**Work instructions**
Include the line containing "Obszary systemu SAP: system" and every line after it up to the end of the material below; reproduce them exactly and drop the pictures.

**Data section**

.....

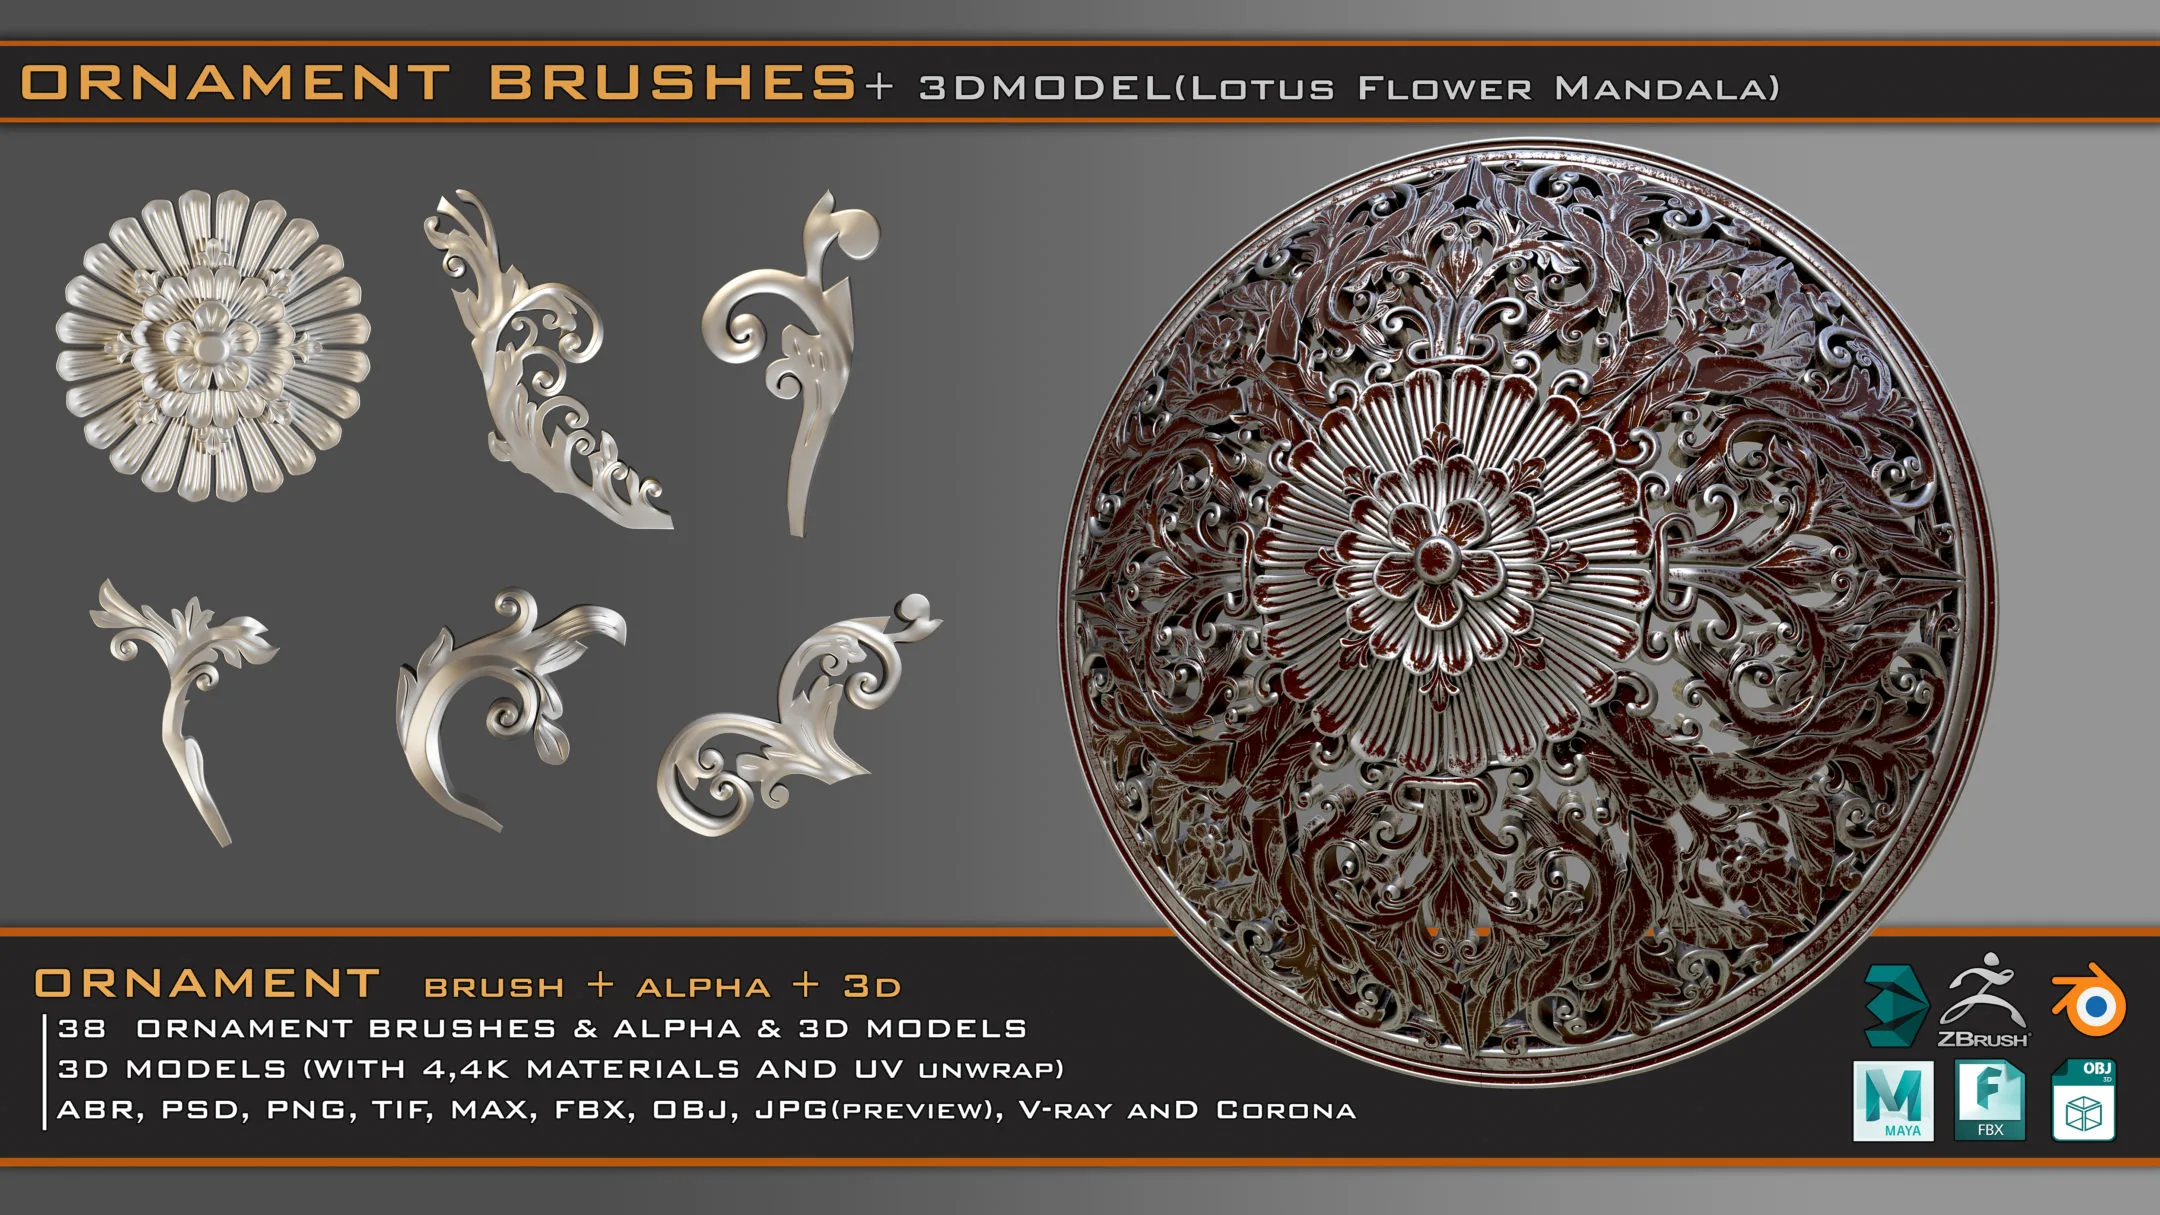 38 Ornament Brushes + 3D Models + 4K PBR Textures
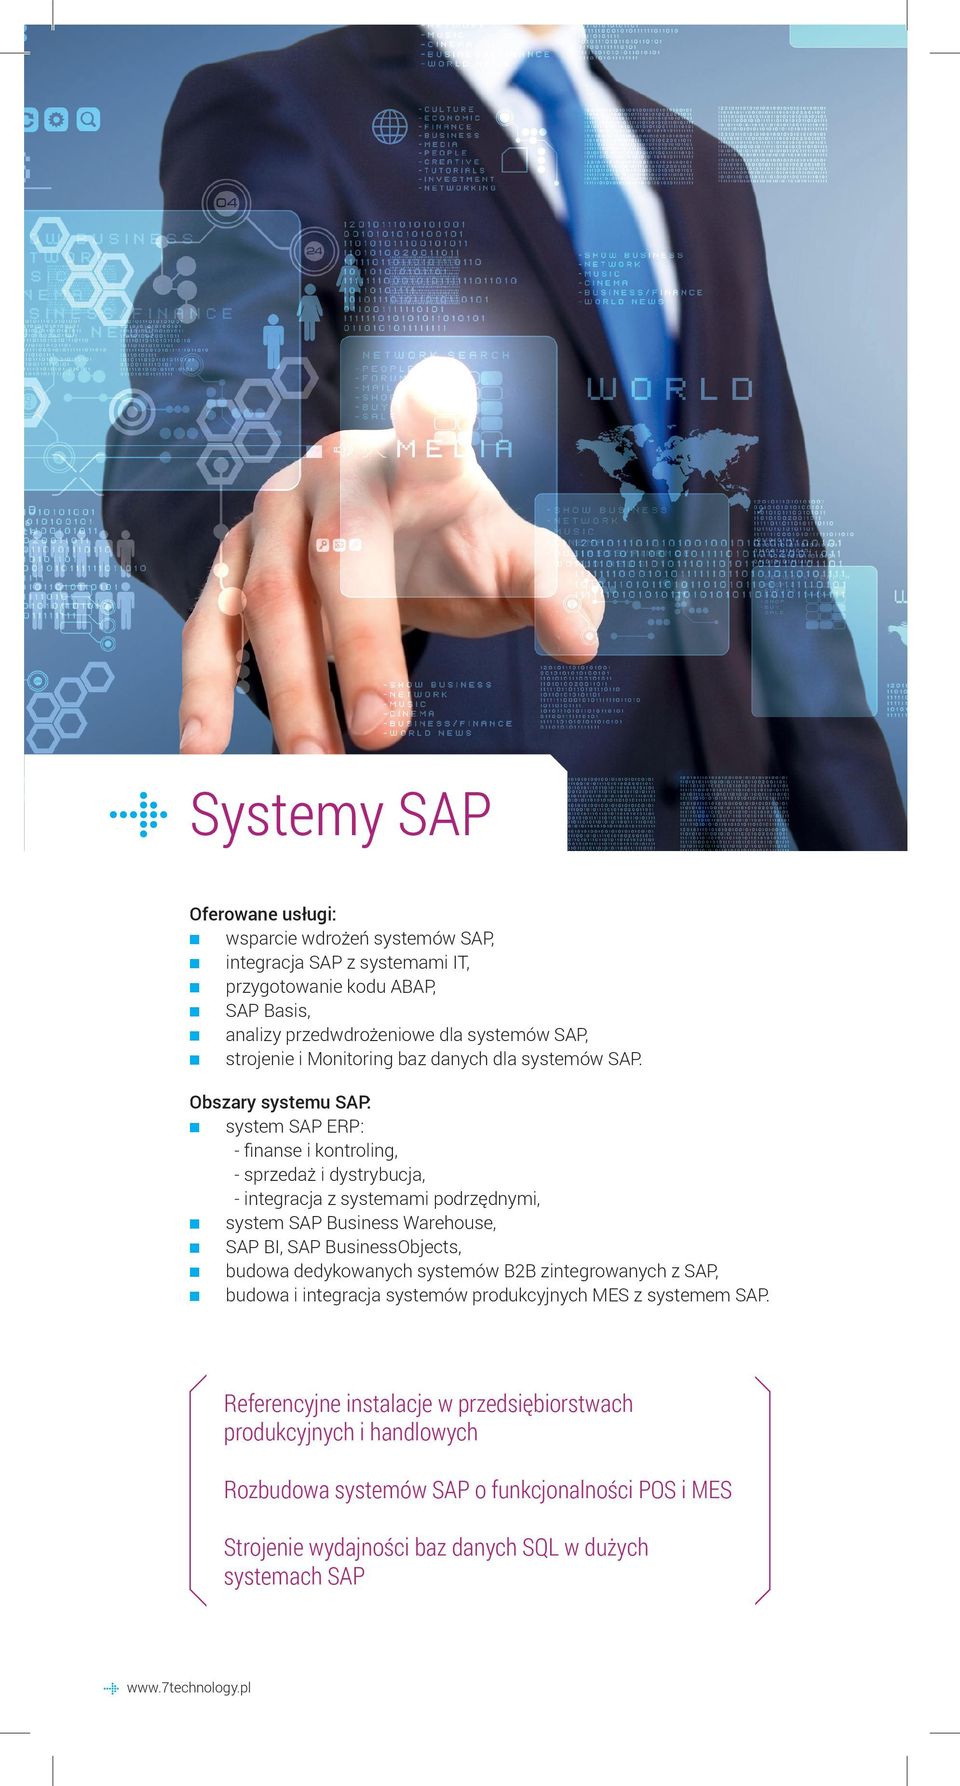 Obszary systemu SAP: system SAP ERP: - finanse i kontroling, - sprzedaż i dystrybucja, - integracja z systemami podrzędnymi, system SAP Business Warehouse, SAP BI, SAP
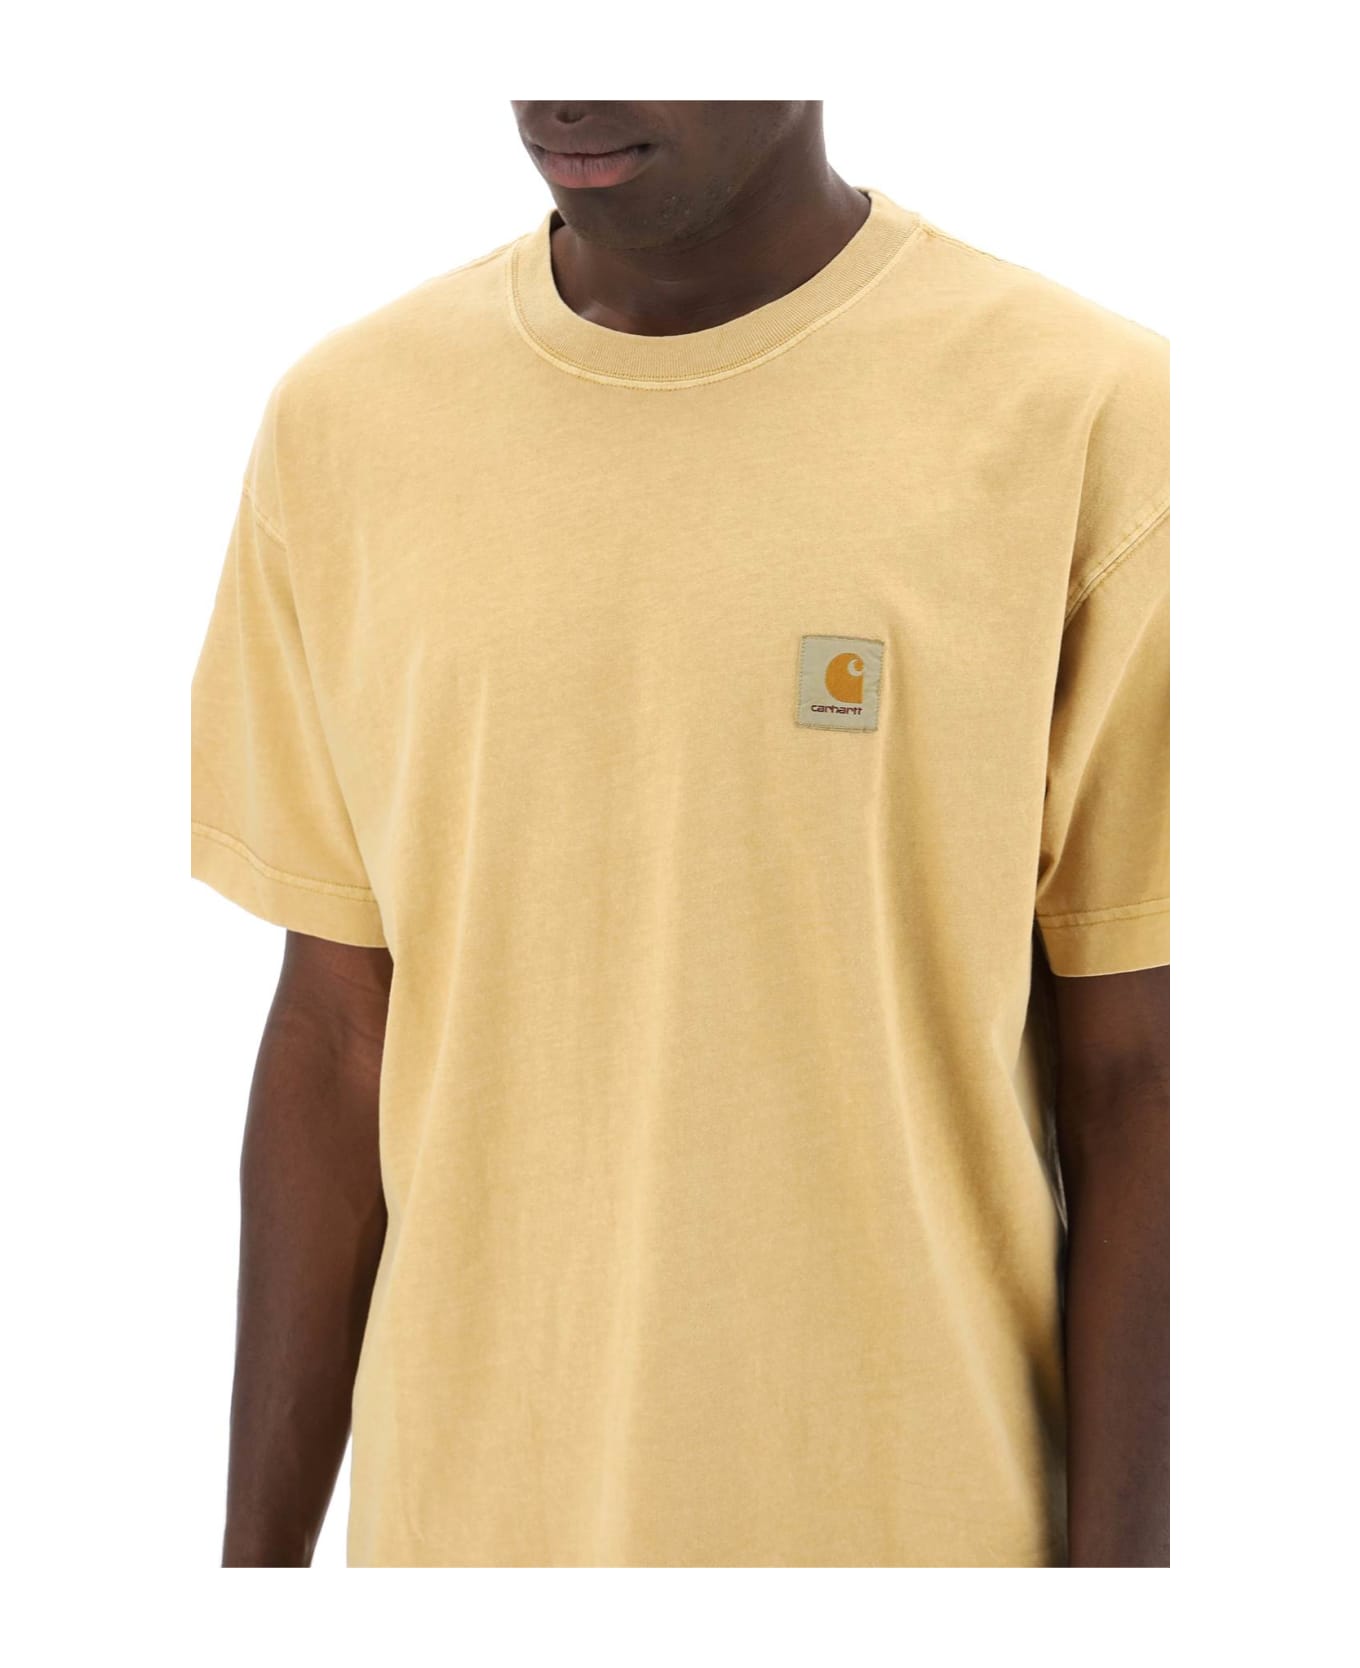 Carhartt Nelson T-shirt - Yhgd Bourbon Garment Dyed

.....

**Response to the task**
 Obszary systemu SAP: system SAP ERP: - finanse i kontroling, - sprzedaż i dystrybucja, - integracja z systemami podrzędnymi, system SAP Business Warehouse, SAP BI, SAP
 Carhartt Nelson T-shirt - Yhgd Bourbon Garment Dyed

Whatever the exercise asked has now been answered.